== Stored data ==
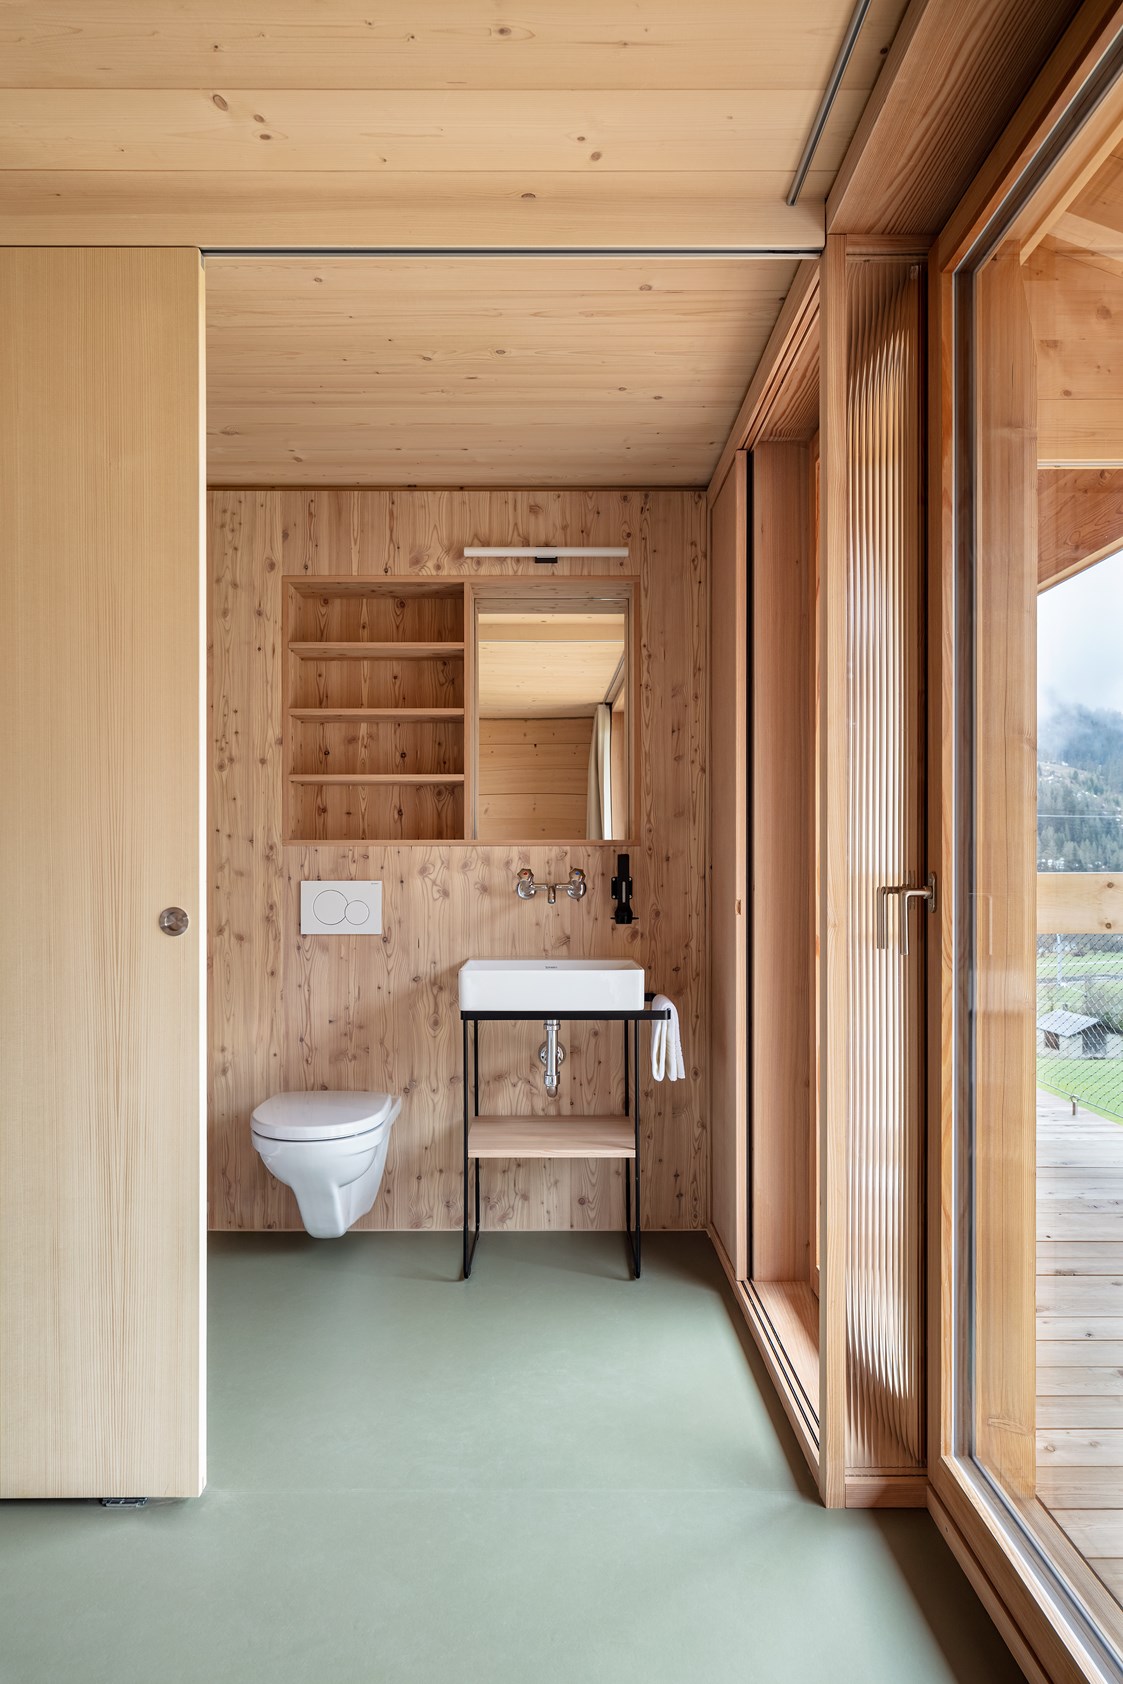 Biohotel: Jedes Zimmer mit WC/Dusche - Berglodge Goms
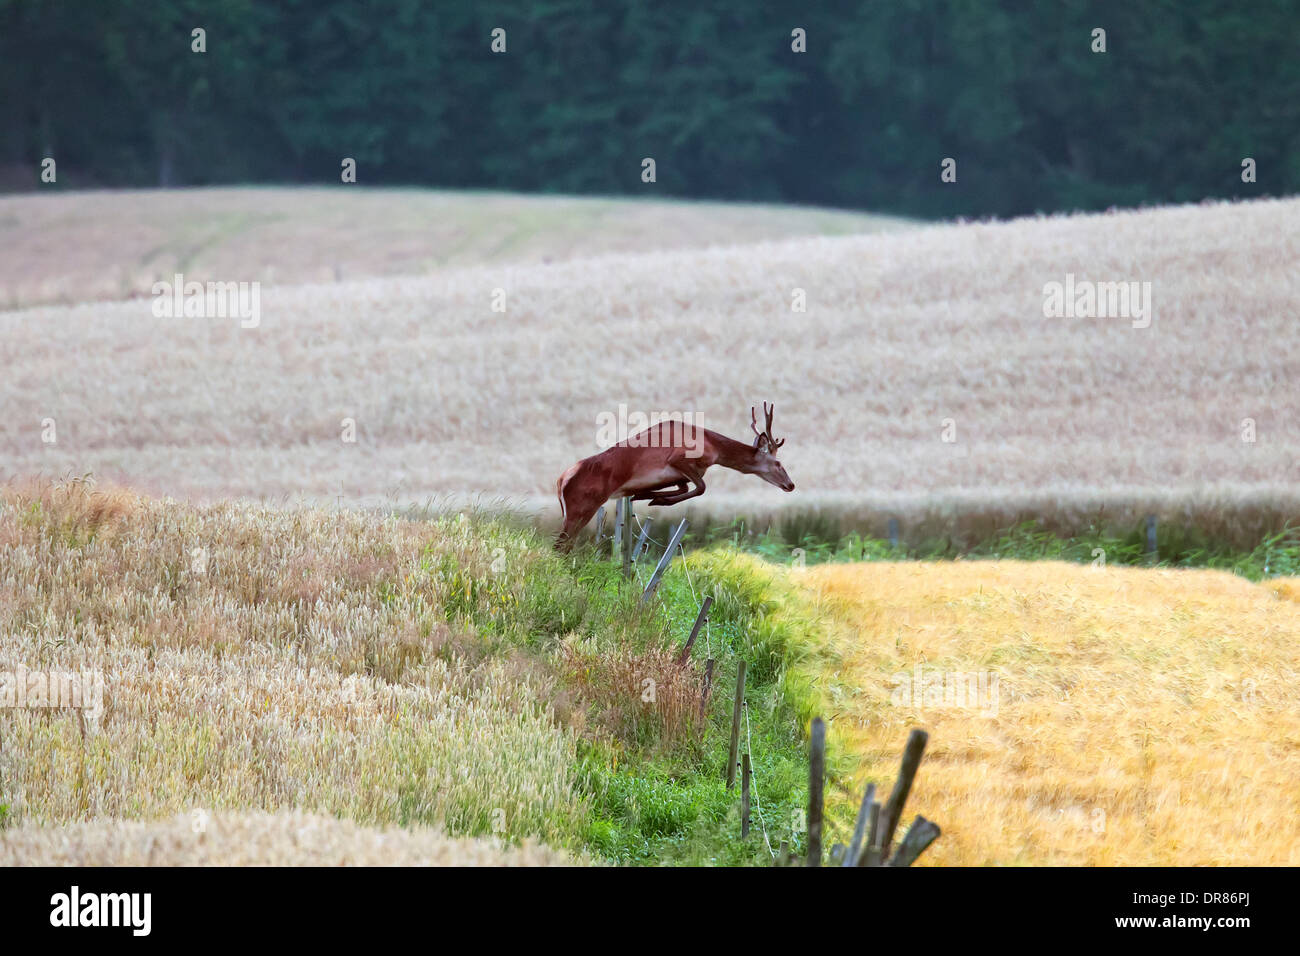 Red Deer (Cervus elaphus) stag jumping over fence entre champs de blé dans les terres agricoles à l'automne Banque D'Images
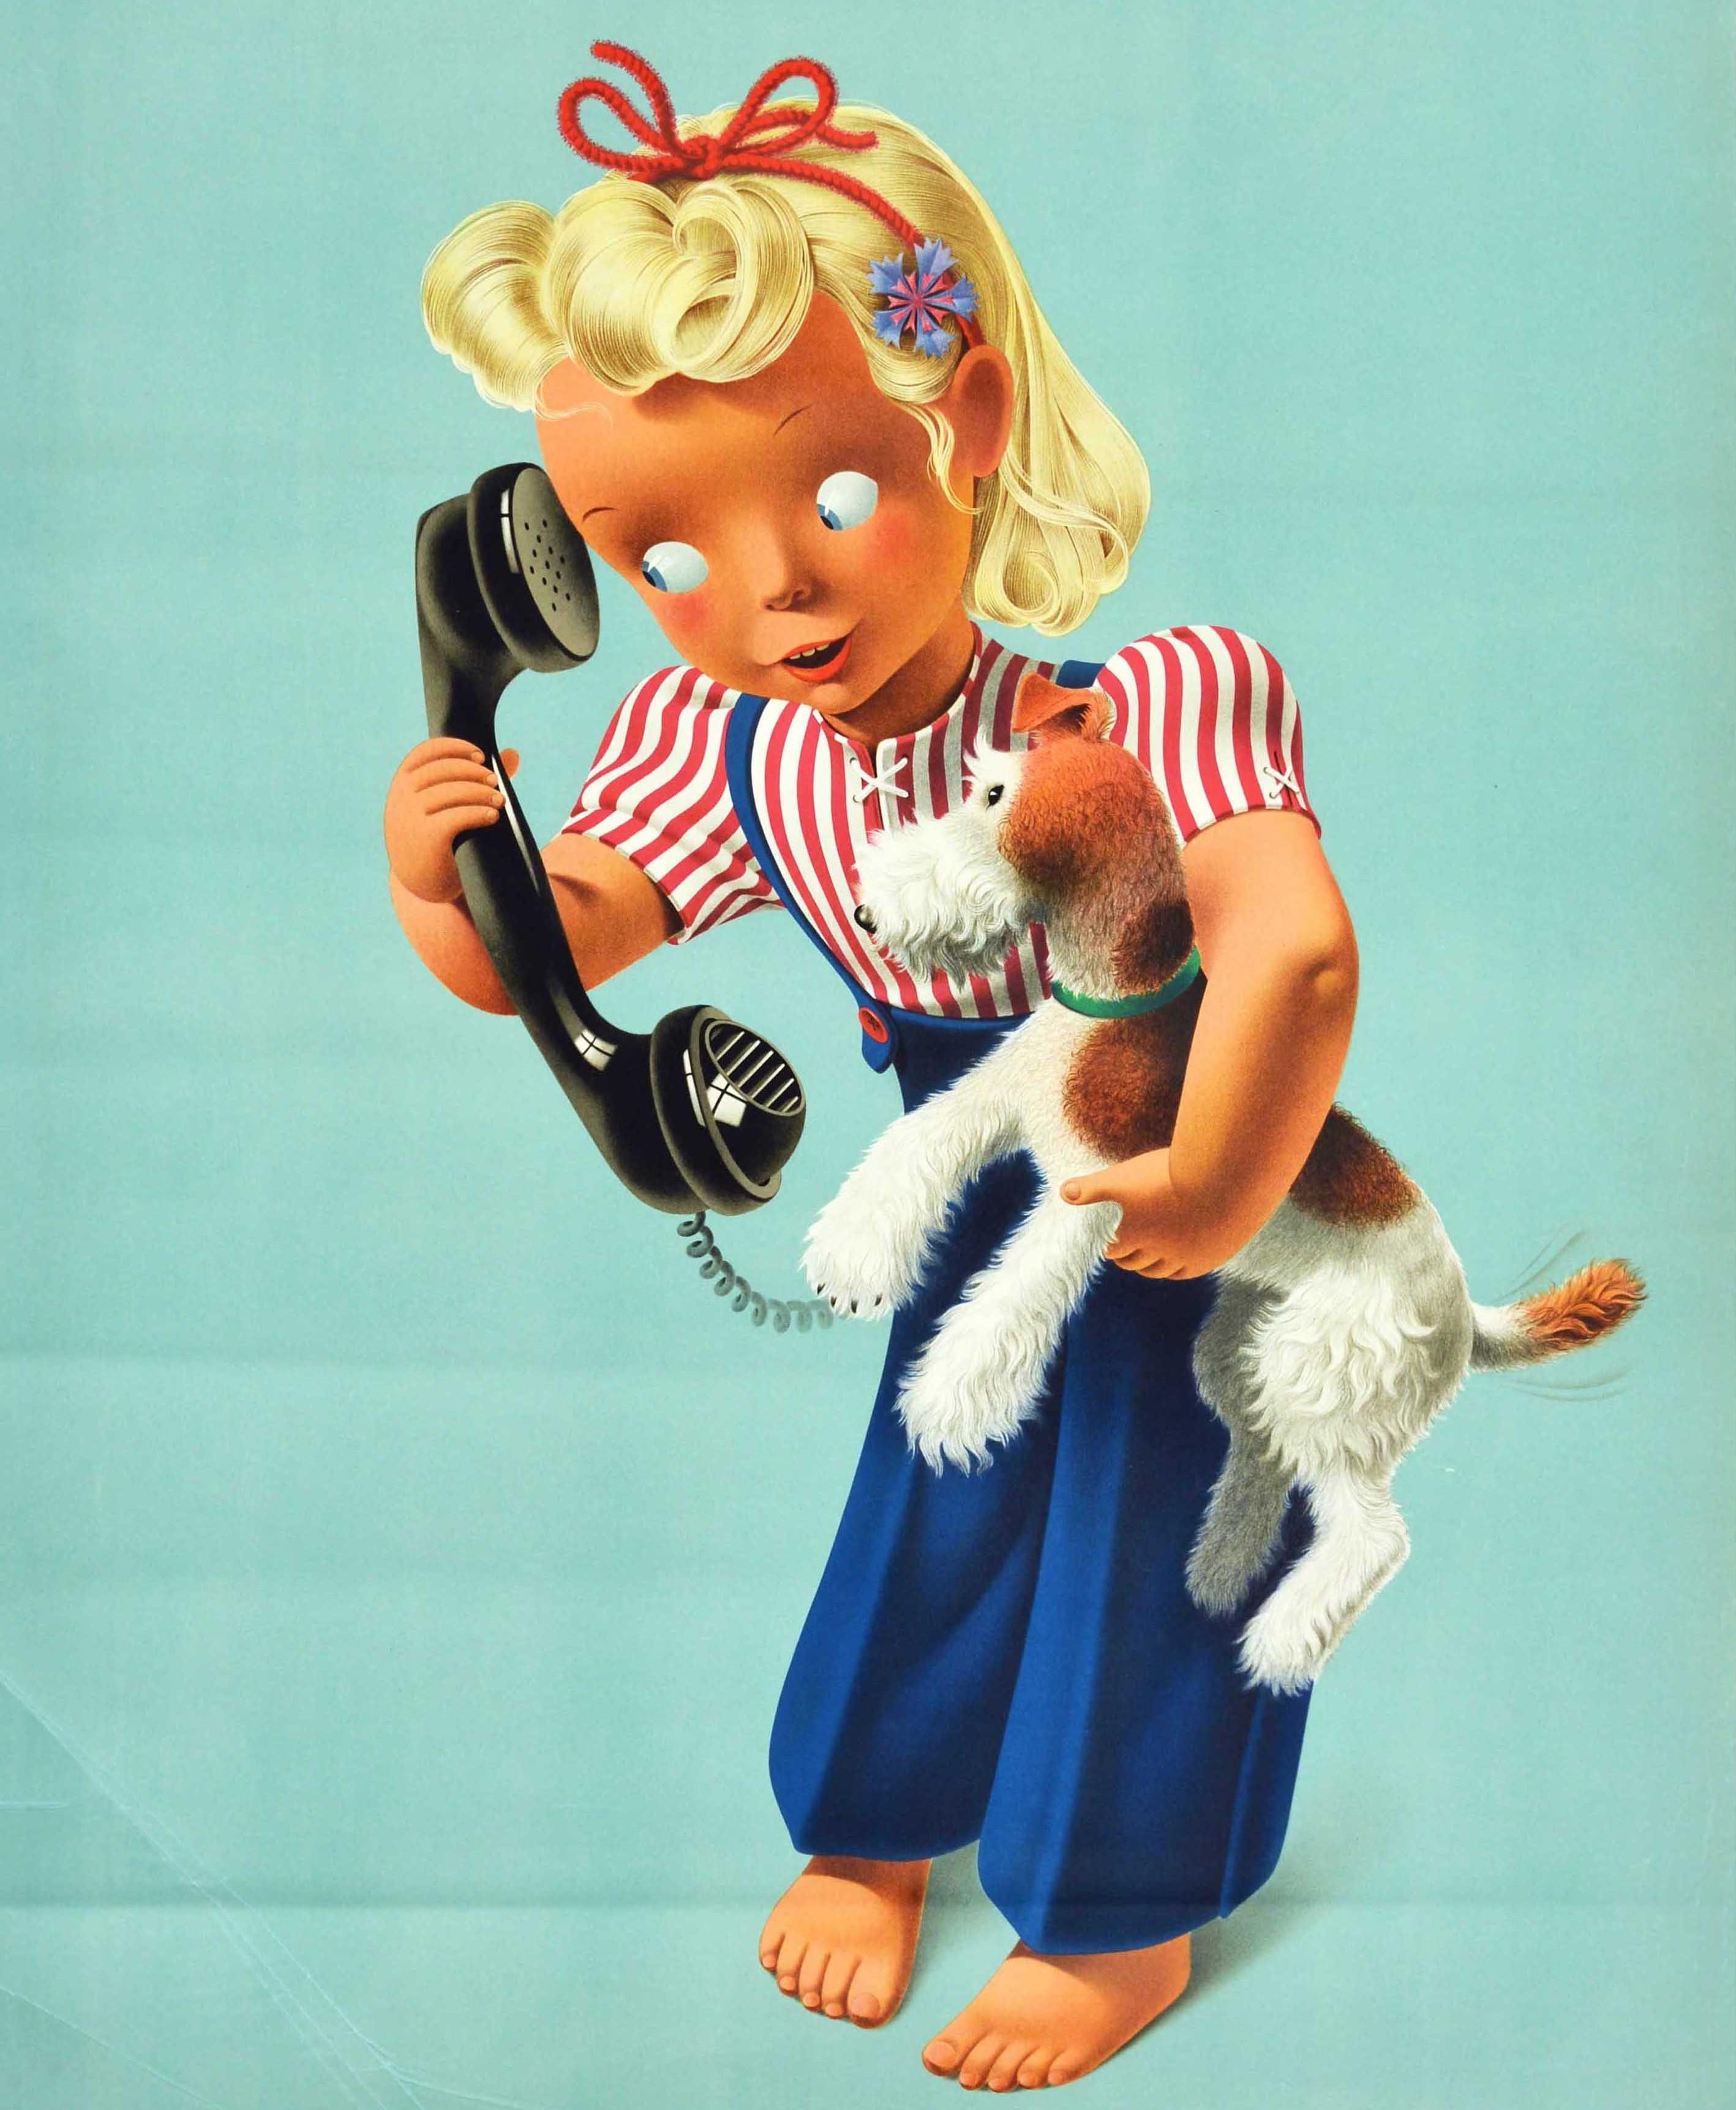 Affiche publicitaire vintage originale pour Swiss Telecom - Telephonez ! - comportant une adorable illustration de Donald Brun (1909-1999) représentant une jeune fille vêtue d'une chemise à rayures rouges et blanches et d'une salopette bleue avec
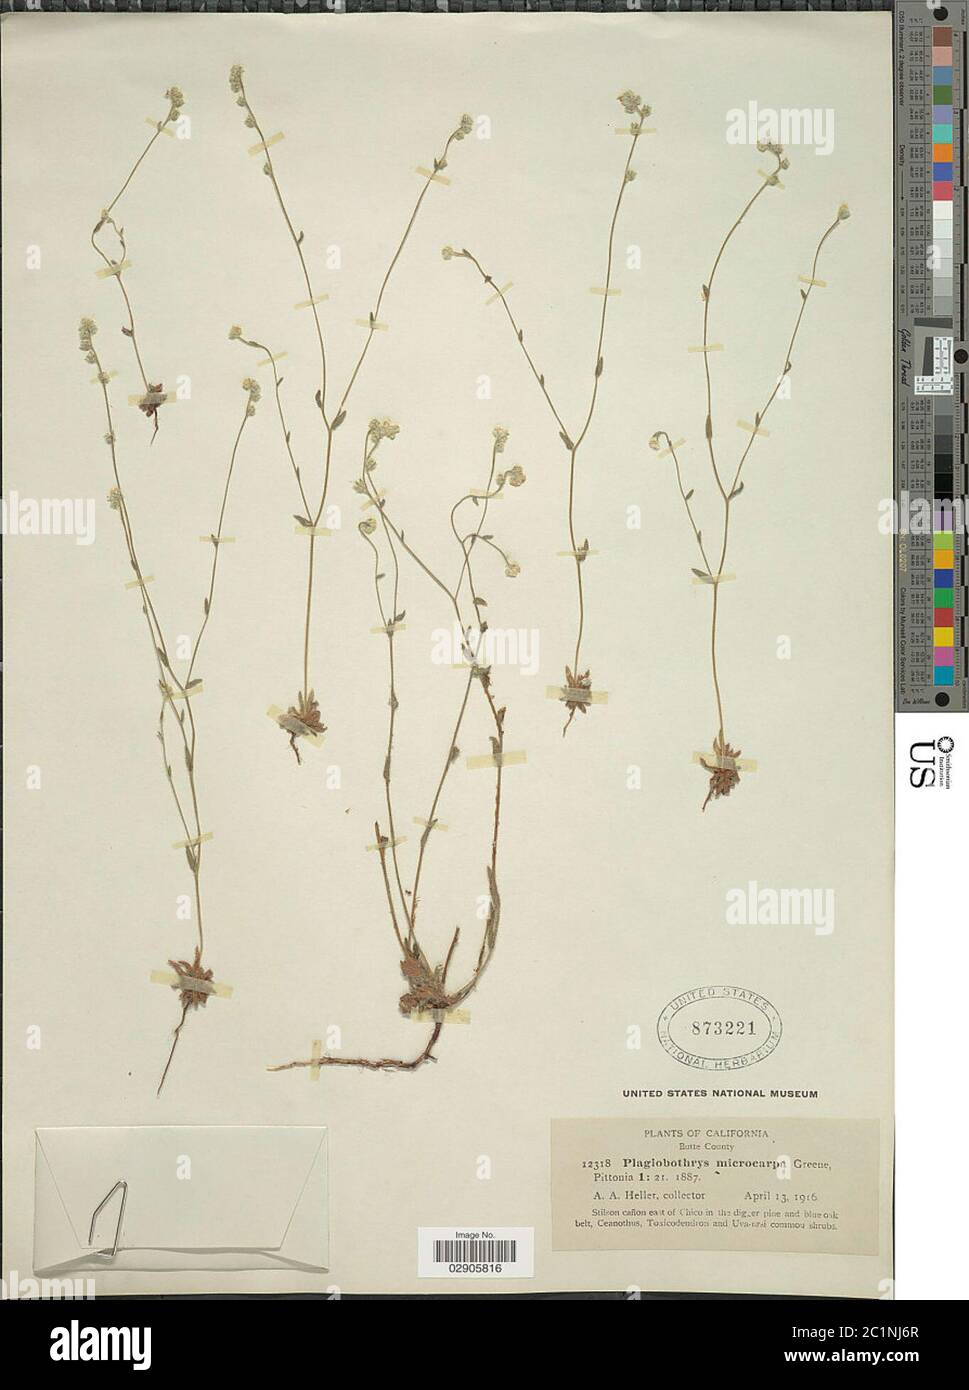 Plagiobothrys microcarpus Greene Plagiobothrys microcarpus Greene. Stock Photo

== Work order ==
Output the listing above exactly, excluding all pictures.

== Expected output ==
 Biohotel: Jedes Zimmer mit WC/Dusche - Berglodge Goms
 Red Deer (Cervus elaphus) stag jumping over fence entre champs de blé dans les terres agricoles à l'automne Banque D'Images
 Affiche publicitaire vintage originale pour Swiss Telecom - Telephonez ! - comportant une adorable illustration de Donald Brun (1909-1999) représentant une jeune fille vêtue d'une chemise à rayures rouges et blanches et d'une salopette bleue avec
 Plagiobothrys microcarpus Greene Plagiobothrys microcarpus Greene. Stock Photo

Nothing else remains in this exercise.